This phase demonstrates how prompts evolved to handle API deprecation and infrastructure errors.

### 1. Initial Setup & Configuration
*   **User Prompt:** "The first task... is Batch Ingest (from Kaggle)... Store raw data in GCS, load curated tables into BigQuery... This is my theorized workflow... set up all required libraries..."
*   **Evolution:** The initial Kaggle authentication step failed because the user wanted to upload the key file securely rather than pasting credentials.
*   **Refined Prompt:** "This is good but I want to upload the json file instead."
*   **Outcome:** The model pivoted to using `google.colab.files.upload()` to securely handle the `kaggle.json` key.

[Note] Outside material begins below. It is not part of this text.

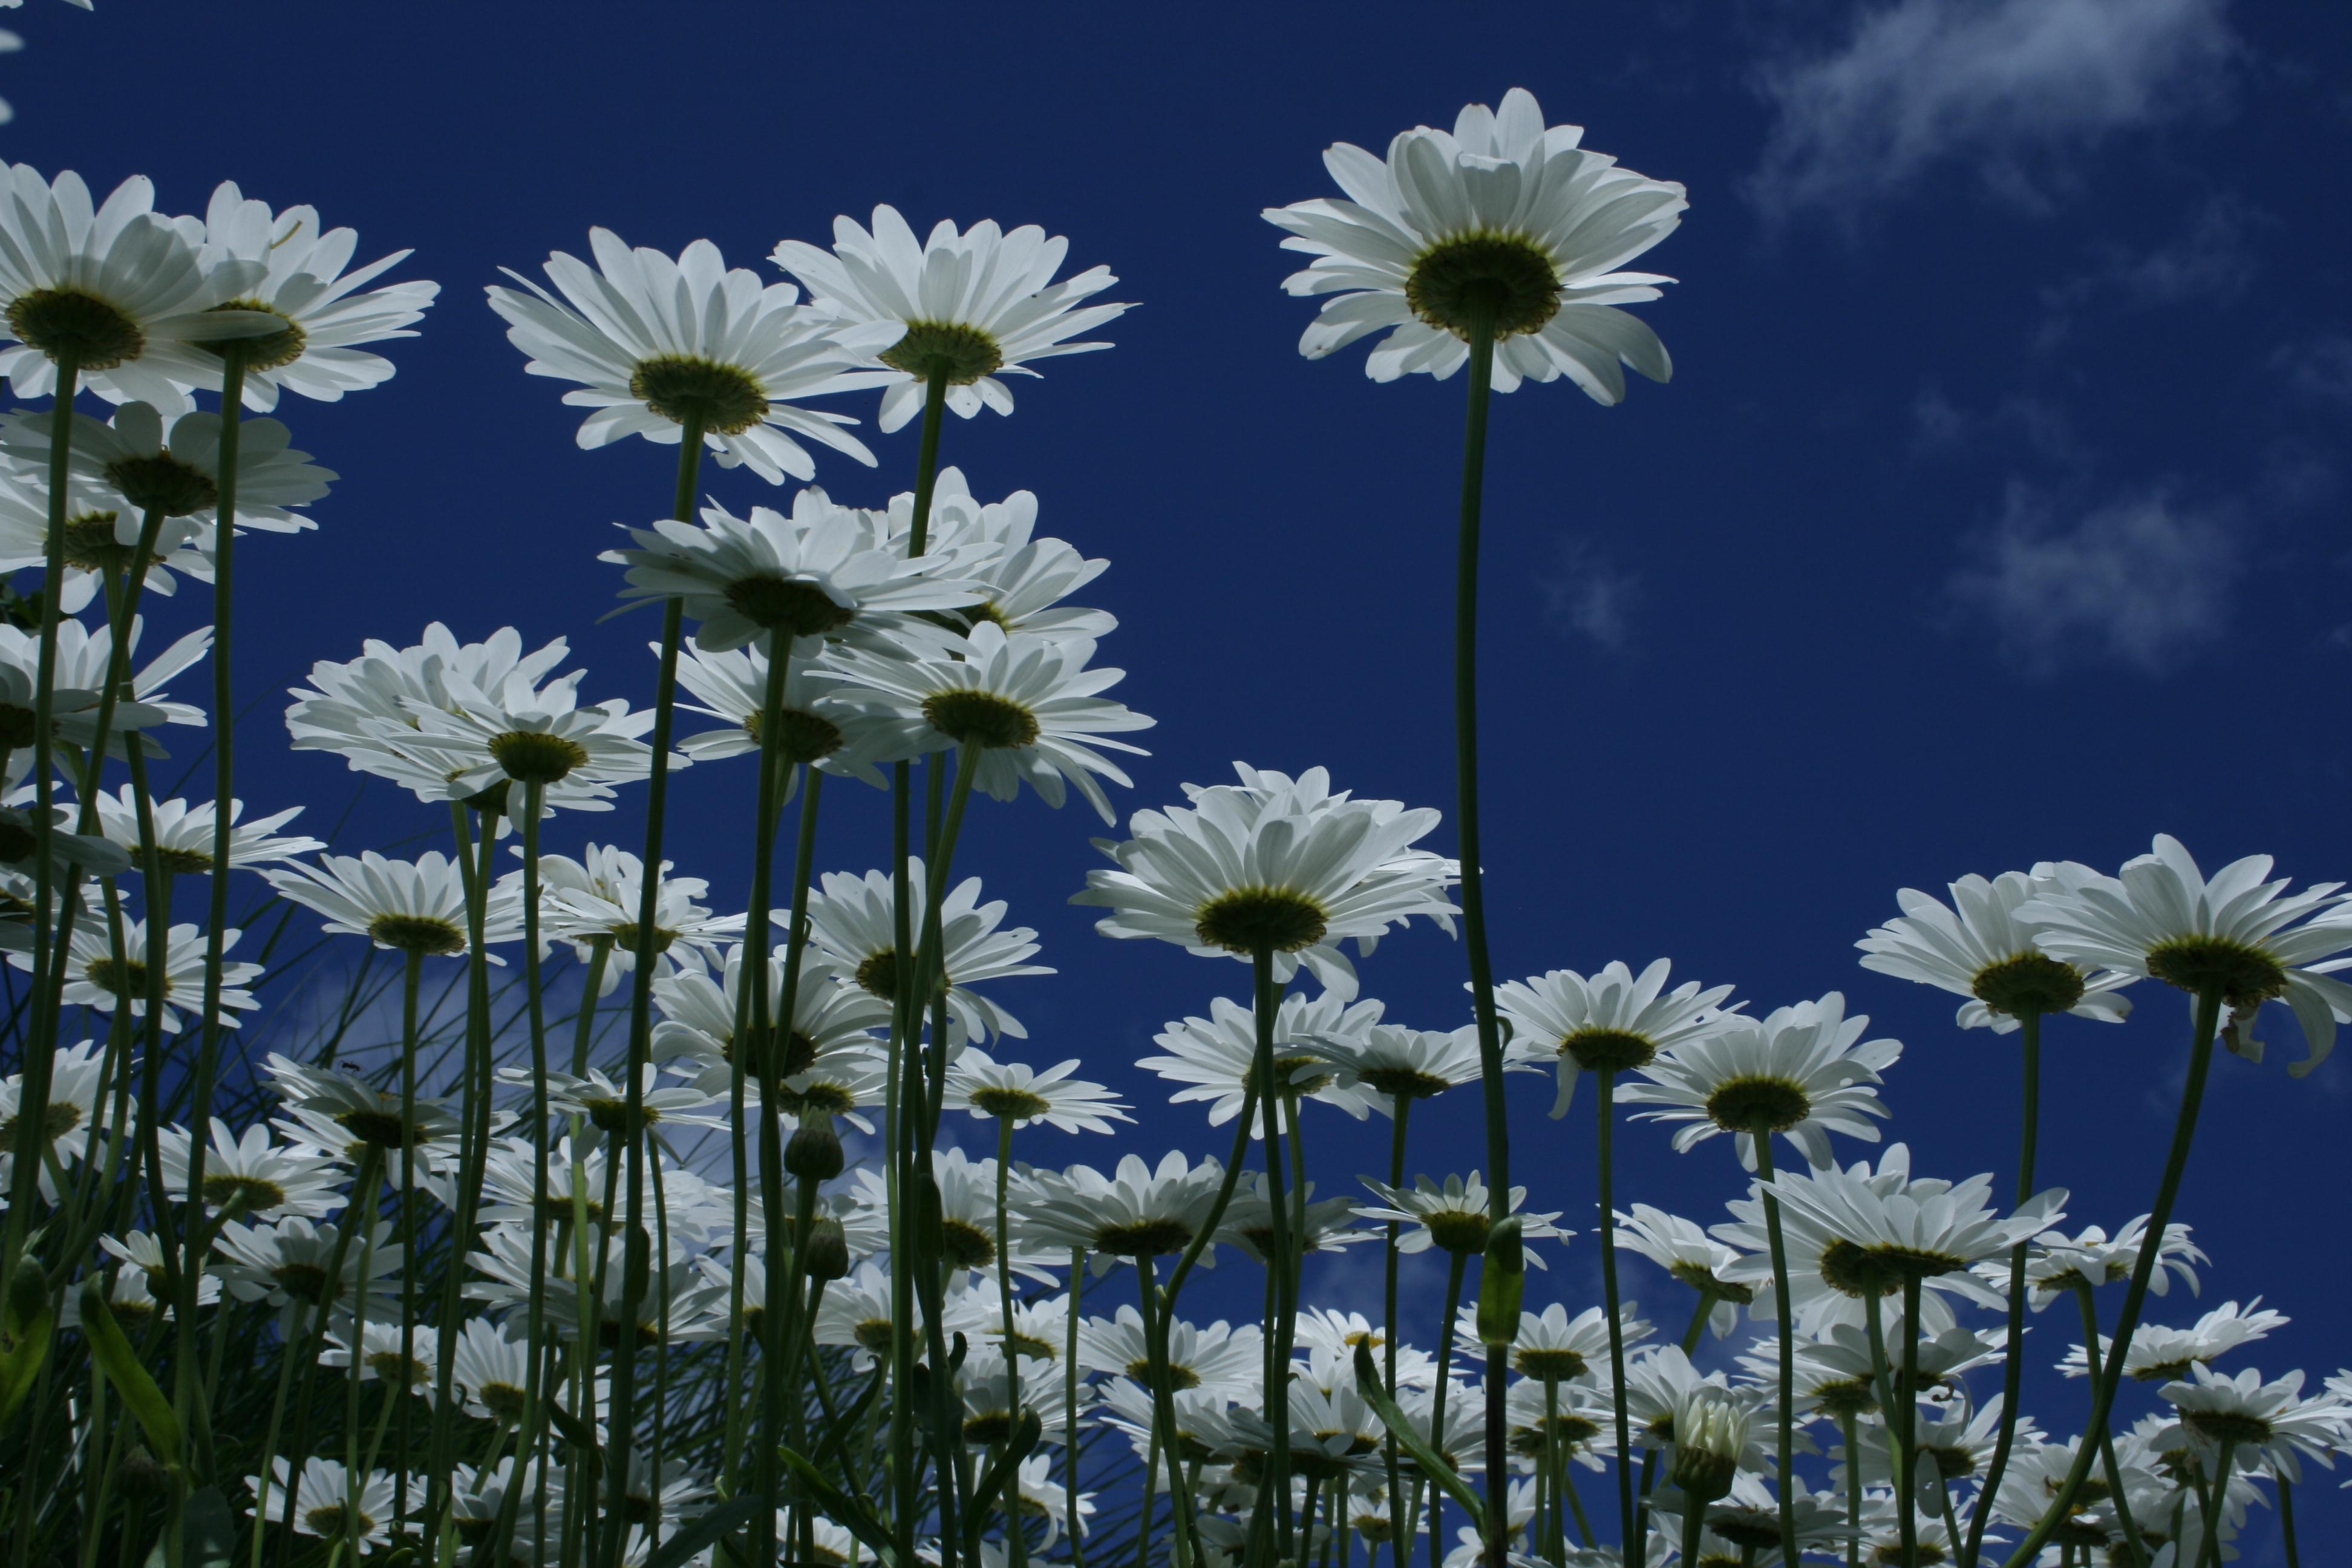 Dancing daisies 75 la arts dancing daisies 75 izmirmasajfo

### 2. Streaming Ingestion (Handling Failure)
*   **User Prompt:** "The next part... is Streaming Ingest... The API we plan to use is the OpenAQ api."
*   **Failure Point 1 (Syntax):** The initial `gcloud` command generated by the model used a deprecated flag (`--bigquery-schema-use-table-schema`).
*   **Refined Prompt:** Provided the exact error message: "unrecognized arguments: --bigquery-schema-use-table-schema (did you mean '--use-table-schema'?)"
*   **Outcome:** Model corrected the syntax in the Ops Runbook and setup scripts.

*   **Failure Point 2 (API Deprecation):** The Code used OpenAQ V2 endpoints.
*   **Observation:** "API Error: 410 - Gone. Version 1 and Version 2 API endpoints are retired."
*   **Refined Prompt:** "I want to ensure the above code properly calls the API... please walk me through what data is available from OpenAQ."
*   **Evolution:** We attempted to perform a "Discovery" on OpenAQ V3. However, V3 separated metadata from data, returning "0 readings."
*   **Final Pivot Prompt:** "Are there other free air quality apis with more reliable documentation?"
*   **Resolution:** We switched to **Open-Meteo**, which provided reliable, auth-free access to the specific gases (CO, NO2, O3) required for the model.

---

## Phase 2: Analytics & DIVE (Substantive Insight)

This section documents the "DIVE" process (Discover, Investigate, Validate, Extend) used to solve the critical ML failure.

### 1. Discover (The Prompt)
*   **User Prompt:** "Step 3.3: Predict on Live Streaming Data."
*   **Result:** The model returned predictions of `-1.0` while actual values were `422.0`.
*   **Prompt:** "The model seemed to be accurate [on evaluation]... But on live data the results were not as good... PREDICTED CO: -1.0 | ACTUAL CO: 422.0"

### 2. Investigate (The Hypothesis)
*   **Model Analysis:** The LLM suggested checking for **Data Drift** or Unit Mismatches.
*   **User Prompt:** "This is great insight, but instead of just noting the difference lets work on correcting for it, lets rebuild the model and engineer the model features to match the current APIs formatting."
*   **Action:** We ran a query comparing `AVG(target)` in 2004 vs 2025.
*   **Finding:** 2004 data was `2.1` (mg/m³). 2025 data was `422.0` (µg/m³). The factor was exactly 1000x.

### 3. Validate (The Fix)
*   **Refined Prompt:** "Retrain BQML Model (Unit-Corrected)... multiply the Kaggle CO by 1000."
*   **Outcome:** The retrained model predicted `430.88` against an actual of `422.0`.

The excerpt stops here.